Powell Faces Vetting on Fed’s Tightening Plans, Climate Change

(Bloomberg) — Jerome Powell is set to be grilled on the Federal Reserve’s sharpest shift toward monetary tightening in decades at a hearing Tuesday on his nomination for another four years at the central bank’s helm.

While the 68-year-old Fed chair enjoys widespread support from both Democrats and Republicans — and is expected to win easy confirmation — members of the Senate Banking Committee are sure to press him on his views on everything from when to start raising interest rates to whether to adopt bank capital standards tied to climate risks. The hearing begins at 10 a.m. in Washington.

“It will be a lot of focus on the state of policy and where he thinks it’s going,” said Tom Porcelli, chief U.S. economist at RBC Capital Markets in New York. The off-year state elections held two months ago “really drove home for people that inflation matters,” Porcelli said — highlighting the sensitivity of lawmakers to living costs ahead of this November’s midterm congressional elections.

Following are a number of key issues likely to come up during the hearing:

Interest Rates

Investors are betting the Fed will begin raising its benchmark federal funds rate in March, two years after cutting it to nearly zero at the onset of the pandemic in March 2020. A Labor Department report Friday showing the U.S. unemployment rate fell to 3.9% in December — closing in on the 3.5% pre-pandemic low — bolstered those expectations, and saw some economists change their forecasts to a March liftoff.

The last time Powell appeared before Congress, in late November, he was pressed by Republicans and Democrats alike on the Fed’s response to inflation. Consumer prices had risen 6.8% over the preceding 12 months, the most in nearly 40 years.

Amid widespread concerns in Washington about inflation, minutes of the Fed’s Dec. 14-15 policy meeting, published Jan. 5, revealed that “several” officials also “viewed labor market conditions as already largely consistent with maximum employment” — the final prerequisite for moving forward with rate hikes.

Omicron Wave

While a March rates liftoff is looking increasingly likely, Tuesday will probably still be too soon for Powell to give explicit guidance to that effect. That’s especially true given the disruptions the omicron variant of Covid-19 is causing as it sweeps across the country, according to Aneta Markowska, the chief financial economist at Jefferies in New York.

The December meeting minutes indicated policy makers were concerned with the risk that it could prolong supply-chain strains that have contributed to fast-rising prices in recent months, something Powell is likely to be quizzed on.

The analysis is complicated because the impact of omicron could be different from that of the delta variant that preceded it, Markowska said. The new variant has led to more widespread labor-market disruptions due to faster transmission than was the case with delta. At the same time, it’s coming during a seasonal slowdown in price pressures — unlike delta, which hit just as the U.S. was ramping up imports ahead of the holiday shopping season.

Balance Sheet

Another potential area of questions is tied to policy makers’ discussions on when and how to downsize the Fed’s $8.8 trillion balance sheet. San Francisco Fed President Mary Daly on Friday said that the central bank could opt to start the process after one or two rate increases.

That timeline would be quite different from the one it followed in the 2015-2018 tightening cycle, when Fed officials waited nearly two years after the first rate hike to begin reducing the balance sheet.

The urgency reflects growing worries “that maybe they actually have slipped behind the curve” on taming inflation, Porcelli said.

Financial Regulation

President Joe Biden, when announcing his backing of Powell for a second term in November, said the Republican former Carlyle Group partner had made clear to him that climate change poses risks to the financial system and underscored the importance of a proactive Fed role for financial regulation — key items for progressive Democrats.

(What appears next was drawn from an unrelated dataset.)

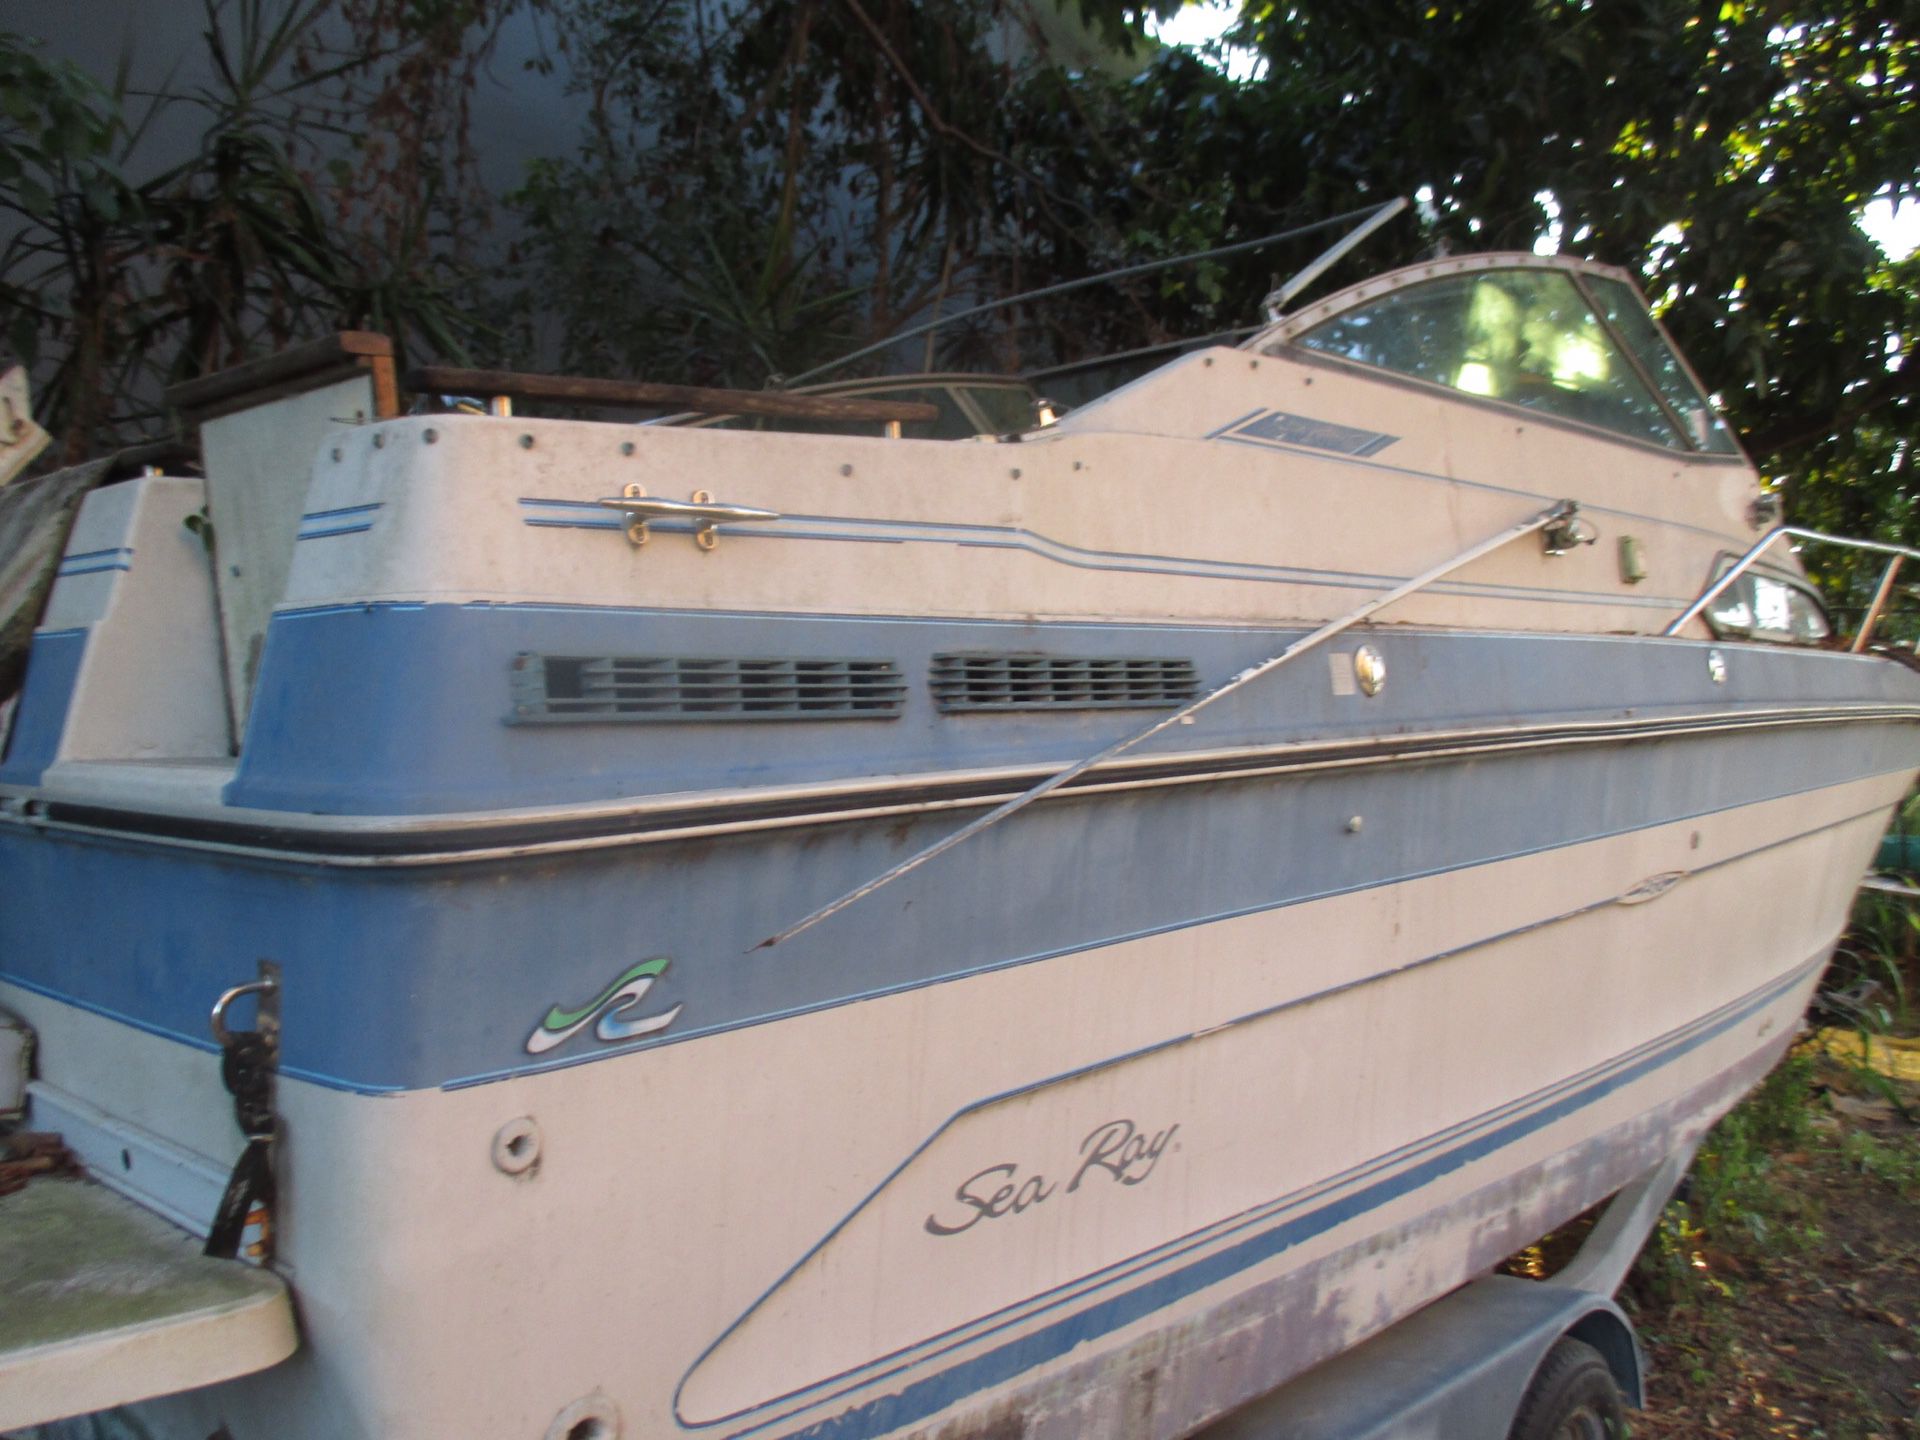 Sea Ray boat...24’. West Kendall.

Senate Democrats and Republicans diverge significantly on those topics. The Fed chair in recent congressional testimonies has been decried by Elizabeth Warren, a Democratic senator from Massachusetts, who in September told him he was a “dangerous man” to be running the central bank, citing the Fed’s relaxation of some regulatory requirements for banks on his watch.

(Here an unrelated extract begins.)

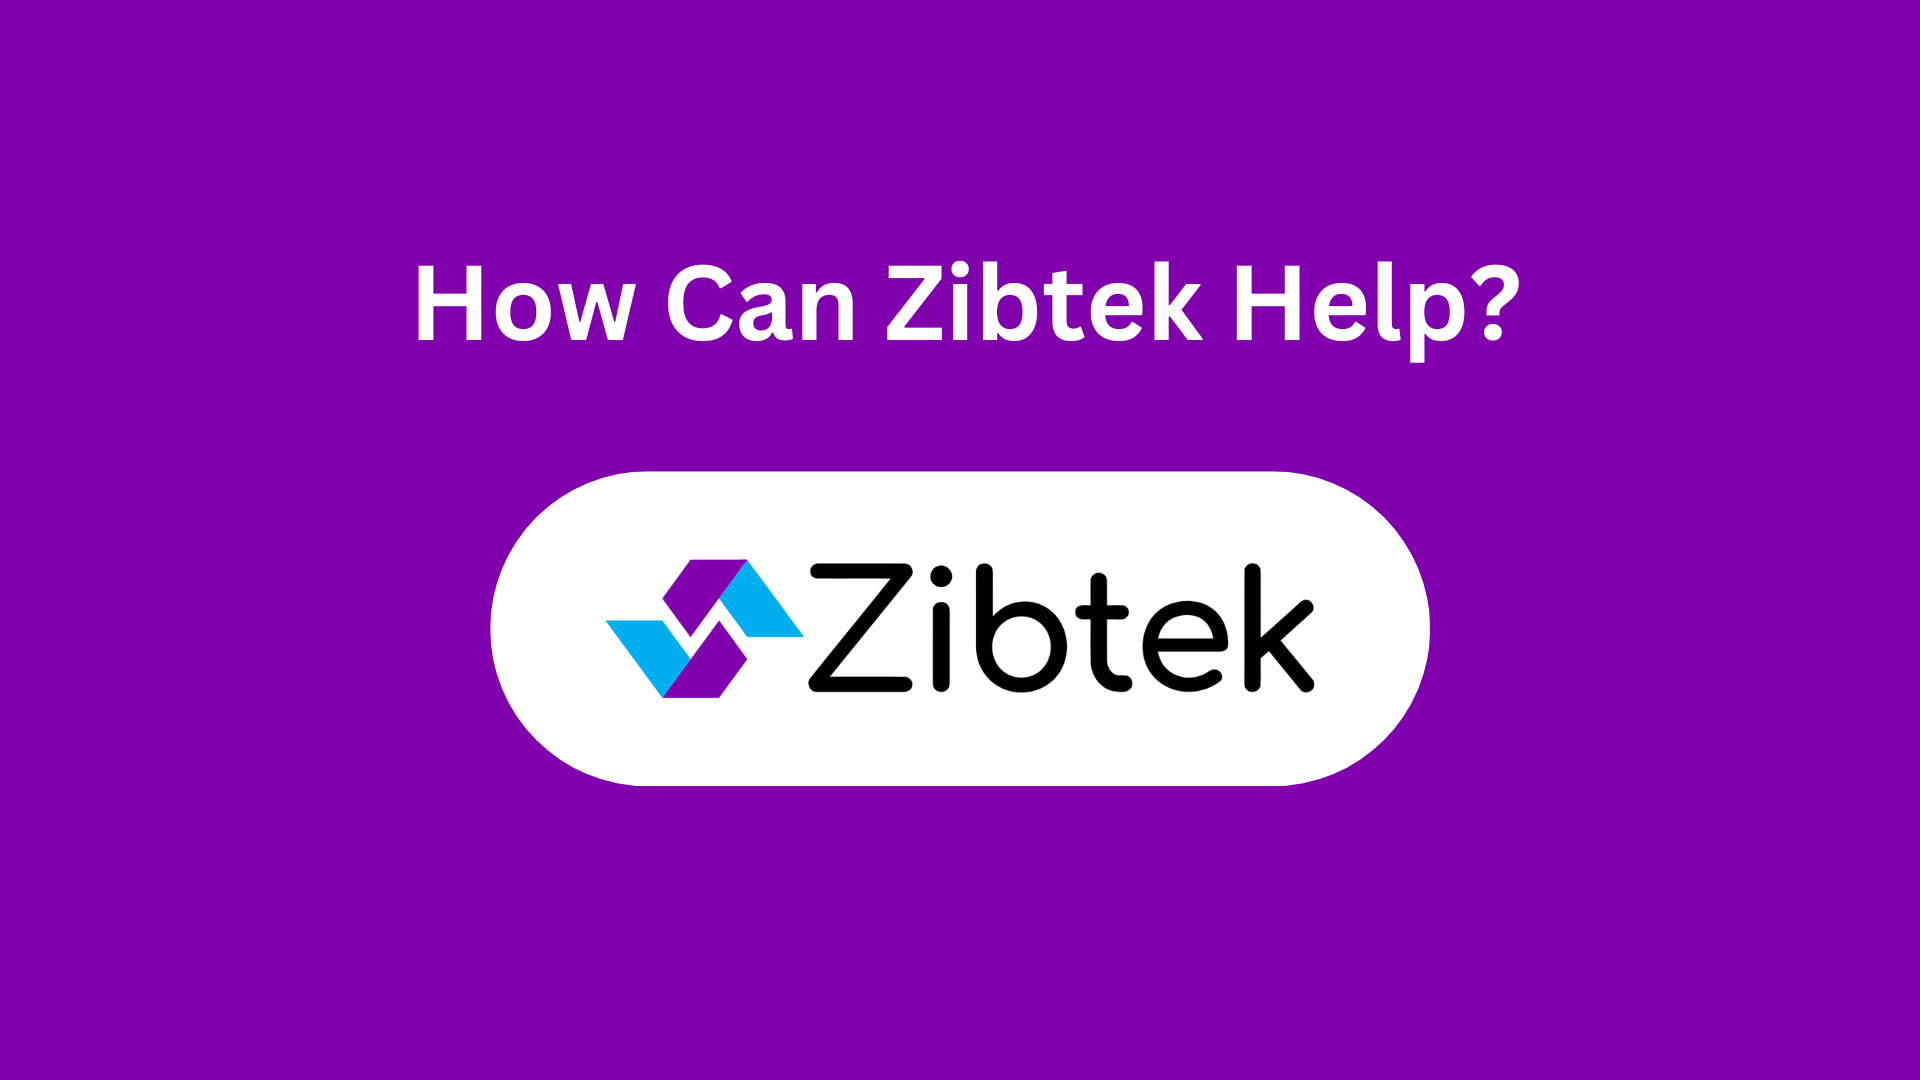 Zibtek logo with text on how they can help with custom mobile app development

Powell could also be asked about the supervision of cryptocurrencies — he has backed regulation of stablecoins — and the potential introduction of a digital version of the dollar.

Biden has yet to announce his nomination for the Fed’s vice chair of supervision, the central bank’s point person when it comes to regulatory matters, though former Fed Governor Sarah Bloom Raskin is seen as a leading contender. More detailed questions would likely be raised at the hearing for that nominee.

Climate Risks

The central bank has in recent years moved forward with initiatives aimed at promoting climate risk as a financial stability issue, which Democrats strongly support and Republicans see as a potential threat to credit access for oil and gas companies.

Powell in October backed a judgment that climate change was an “emerging threat” to financial stability, but hasn’t embraced the idea of tying such risks to capital standards for lenders.